State v. Travis S. Dewitt, 2008 WI App 134, PFR filed 8/19/08
For Dewitt: William E. Schmaal, SPD, Madison Appellate
Issue: Whether someone simultaneously held under personal recognizance and cash bonds can be guilty of bail jumping for acts committed in the jail.
¶12 … Wis. Stat. § 946.49 provides that someone who “having been released from custody under [Wis. Stat.] ch. 969, intentionally fails to comply with the terms of his or her bond is” guilty of a crime. Dewitt asserts that “release” must mean physical release from custodial confinement, specifically, “the act of liberating or freeing: discharge from restraint.”
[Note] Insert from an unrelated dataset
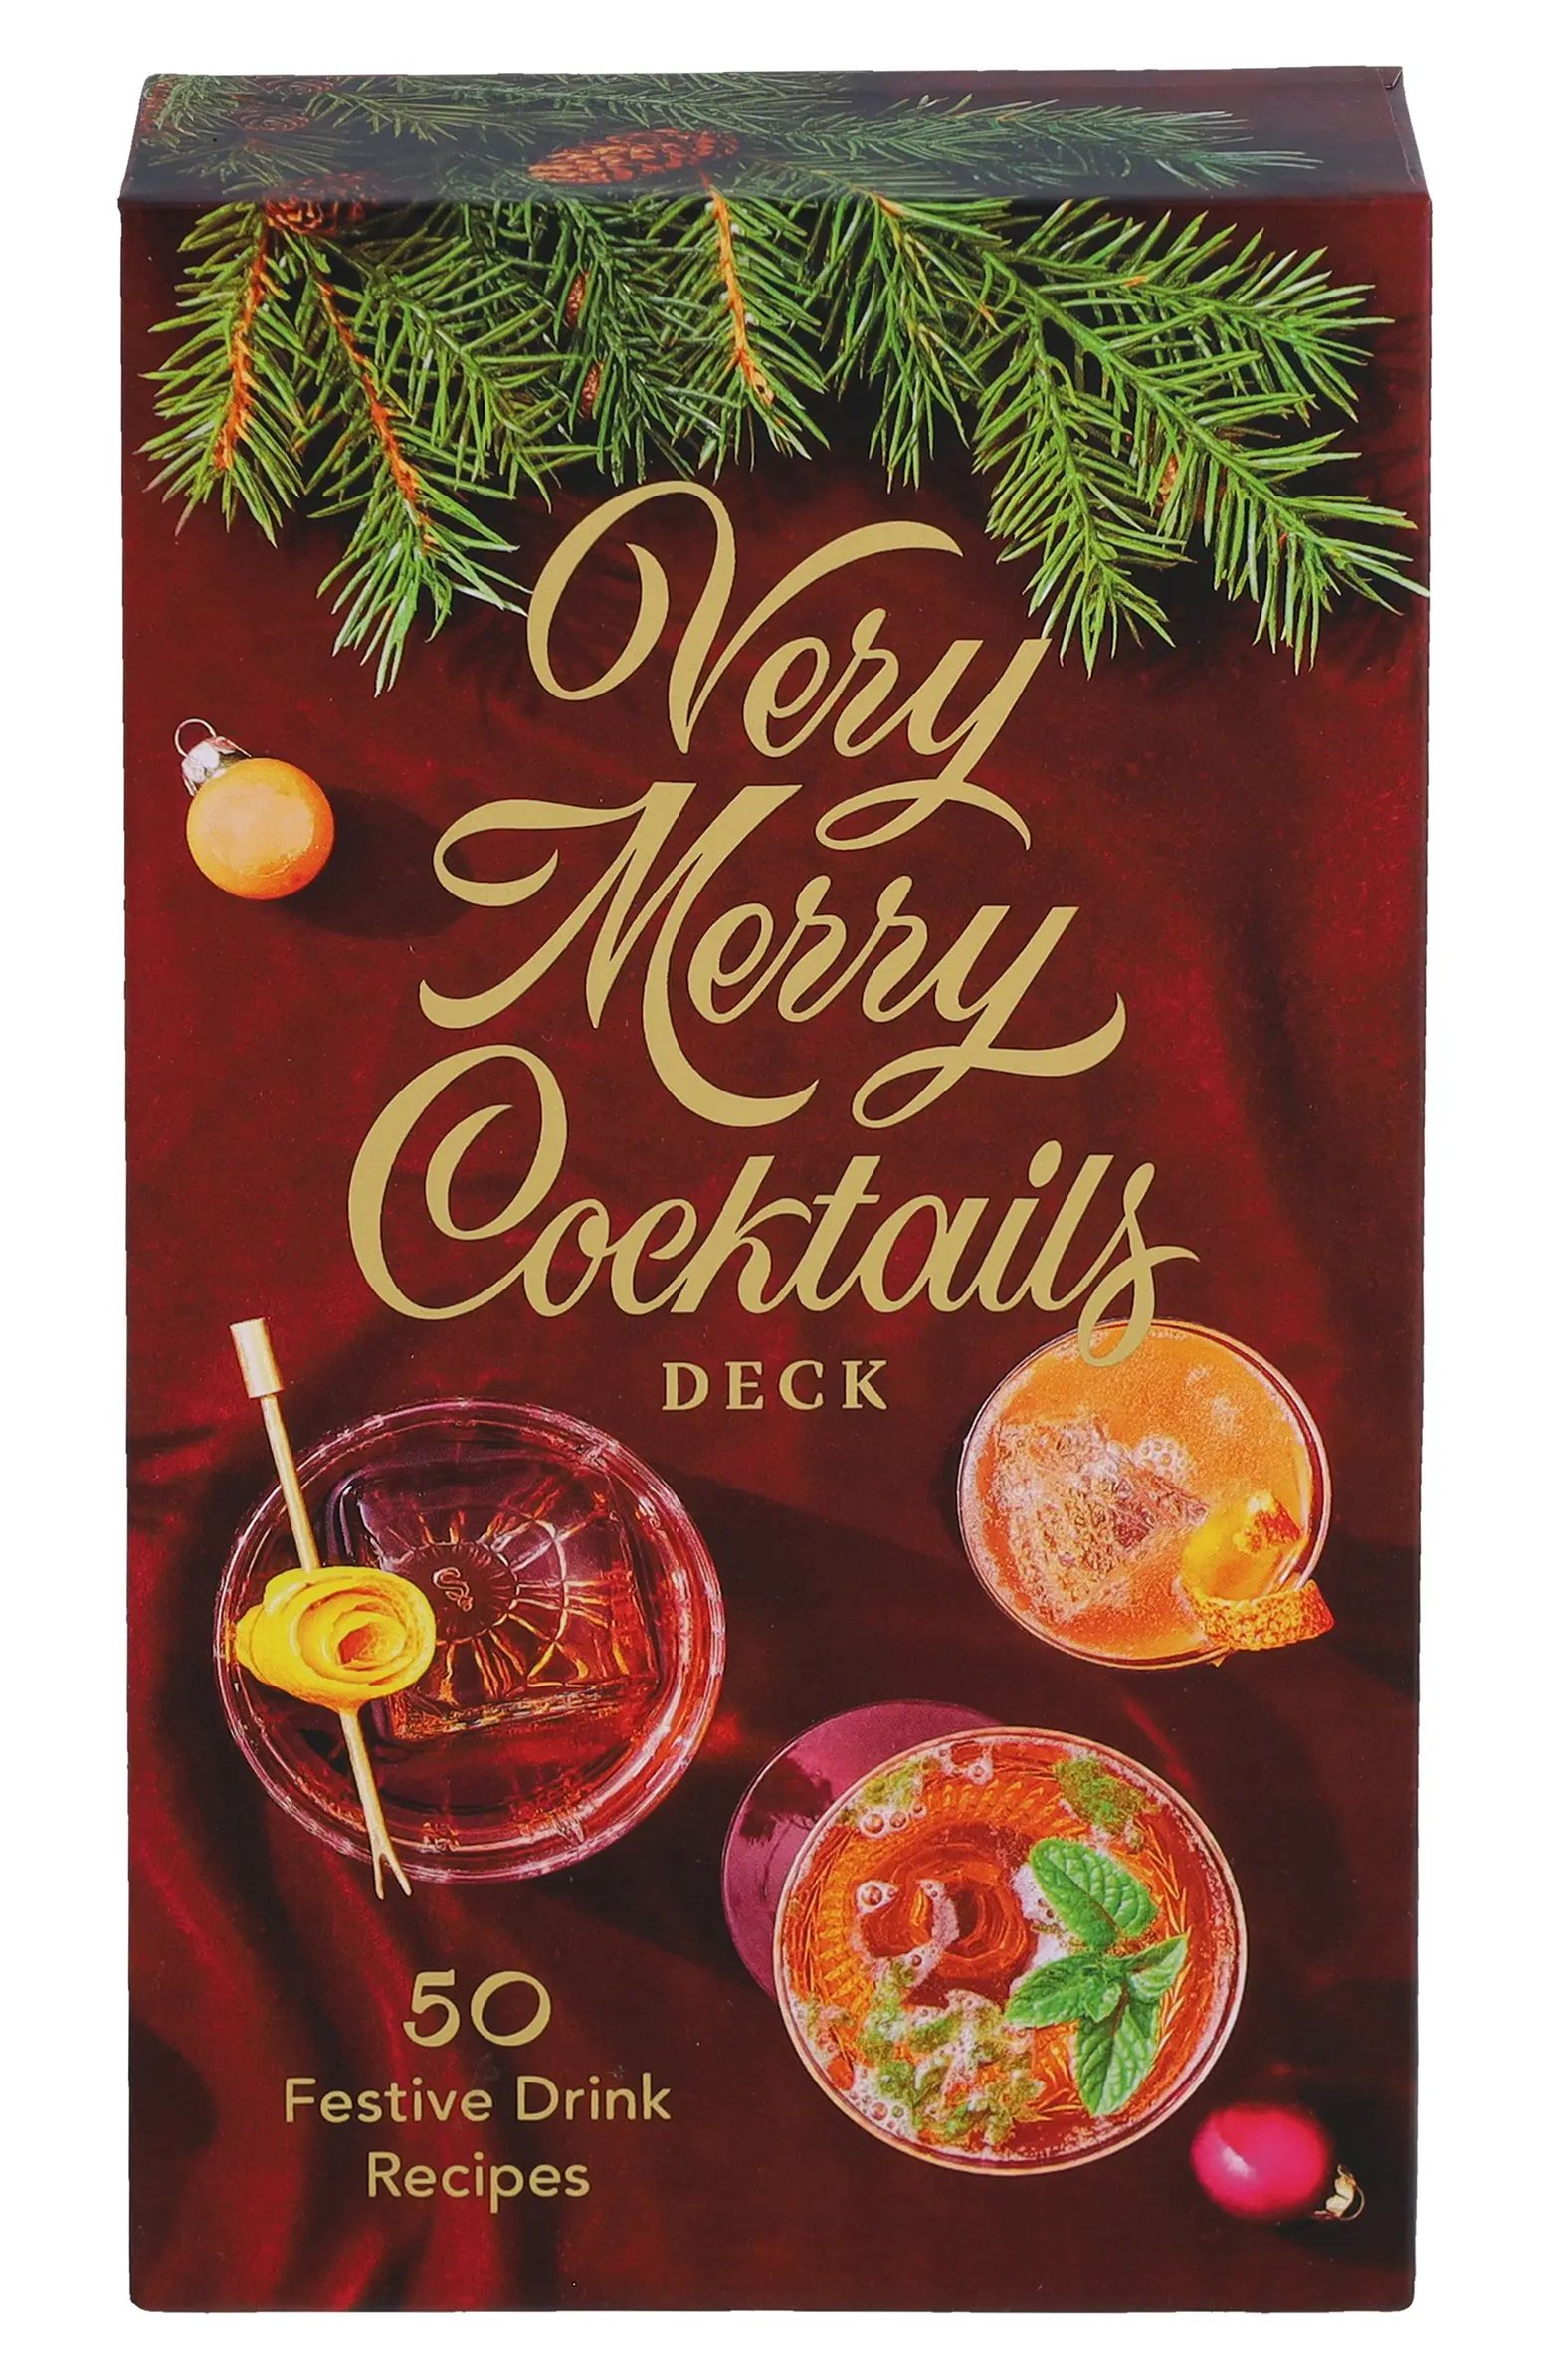 'Very Merry Cocktails' Deck | Nordstrom

¶14 It is true that Wis. Stat. §§ 946.49 and 969.02 do not explicitly define “release,” and perhaps it is fair to say that the common meaning of the word contemplates physical release from custody. However, we interpret statutory language in context, “not in isolation but as part of a whole; in relation to the language of surrounding or closely related statutes; and reasonably, to avoid absurd or unreasonable results.” Kalal, 271 Wis. 2d 633, ¶46. There is one important clue that physical release is not the sole meaning of release in the bond context. The court is permitted to impose “a condition that the defendant return to custody after specified hours.” Wis. Stat. § 969.02(3)(d). Because it would be absurd to conclude that conditions of release would then apply when the defendant was outside the jail, but be “turned off” upon return to custody, it is evident that “release” refers to the defendant posting the bond, be it signature or cash, and need not be accompanied by the defendant’s physical departure from the jailhouse.
¶17 … Here, Dewitt had three bonds. He was able to make bond on the misdemeanor simply by signing it, and he therefore committed himself to its conditions. Dewitt was not obligated to sign the bond, especially if he knew he would not be posting cash bond. Thus, while not physically released, Dewitt was released as contemplated by Wis. Stat. § 969.02 when he fulfilled the signature bond. 
Release “need not be accompanied by the defendant’s physical departure from the jailhouse.” As opposed to what other form of “departure”? The court doesn’t quite get around to saying, which is just as well. What the court does do is hypothecate a non-existent absurd result, ¶14. Why, in the first place, would it be absurd to say that in a very narrow category of cases, a defendant while on release from custody can bail jump but not when he’s back in the pokey? The court doesn’t say. Note, though, that this “absurd result” is literally the only support for the result mustered by the court. Besides, the defendant is returning – from release, back to custody; from exposure to bail-jumping liability, to non-exposure. Or, as the court apparently wants to say, returning from a release accompanied by physical departure from jail back to custody in the jail.The court implicitly recognizes that the defendant has not been “released” if he fails to sign the recognizance bond (¶17). What this means, then, is that “release” is determined solely by whether you’ve signed the bond agreement and not by whether you’ve been, well, released. Why isn’t distinguishing statutory liability on just that basis an absurdity? The court doesn’t say.
Consider, too, the pretrial detention statute, § 969.035(2), which authorizes a court to “deny release from custody” in certain types of cases. Compare that to the language used in the bail jumping statute, § 946.49(1): “having been released from custody …” The court, however, has just said that “released from custody” does not necessarily mean, released from “physical” custody – which makes the pretrial detention language at best superfluous and at worst comically awkward. The pretrial detention statute clearly means that a defendant may be denied “physical” release, whether or not accompanied by corporeal departure from the jailhouse; use of the essentially identical phraseology in the bail jumping statute strongly suggests the same legislative intent. One statute is aimed at preventing release from physical custody, the other penalizes certain acts committed while on physical release from custody.
In the meantime, while the court sorts out the metaphysics of “physical departure,” the diligent practitioner should be alert to the potential disutility of recognizance bonds. This case offers one example (though fault may hardly be assigned counsel for failing to anticipate a client’s disinclination to follow simple rules). More problematically, no sentence credit is awarded custody served under recognizance alongside cash bond, State v. Beiersdorf, 208 Wis. 2d 492, 561 N.W.2d 749 (Ct. App. 1997). That court suggested the following solution: n. 2:
We note that defense attorneys, in countless cases, do ask trial courts to convert personal recognizance bonds to cash bail when their clients have been arrested and do remain in custody on cash bail on subsequent charges. They do so precisely because they want to assure sentence credit on both offenses. That, however, did not occur in this case. …
Same: State v. Elandis D. Johnson, 2008 WI App 34, ¶32.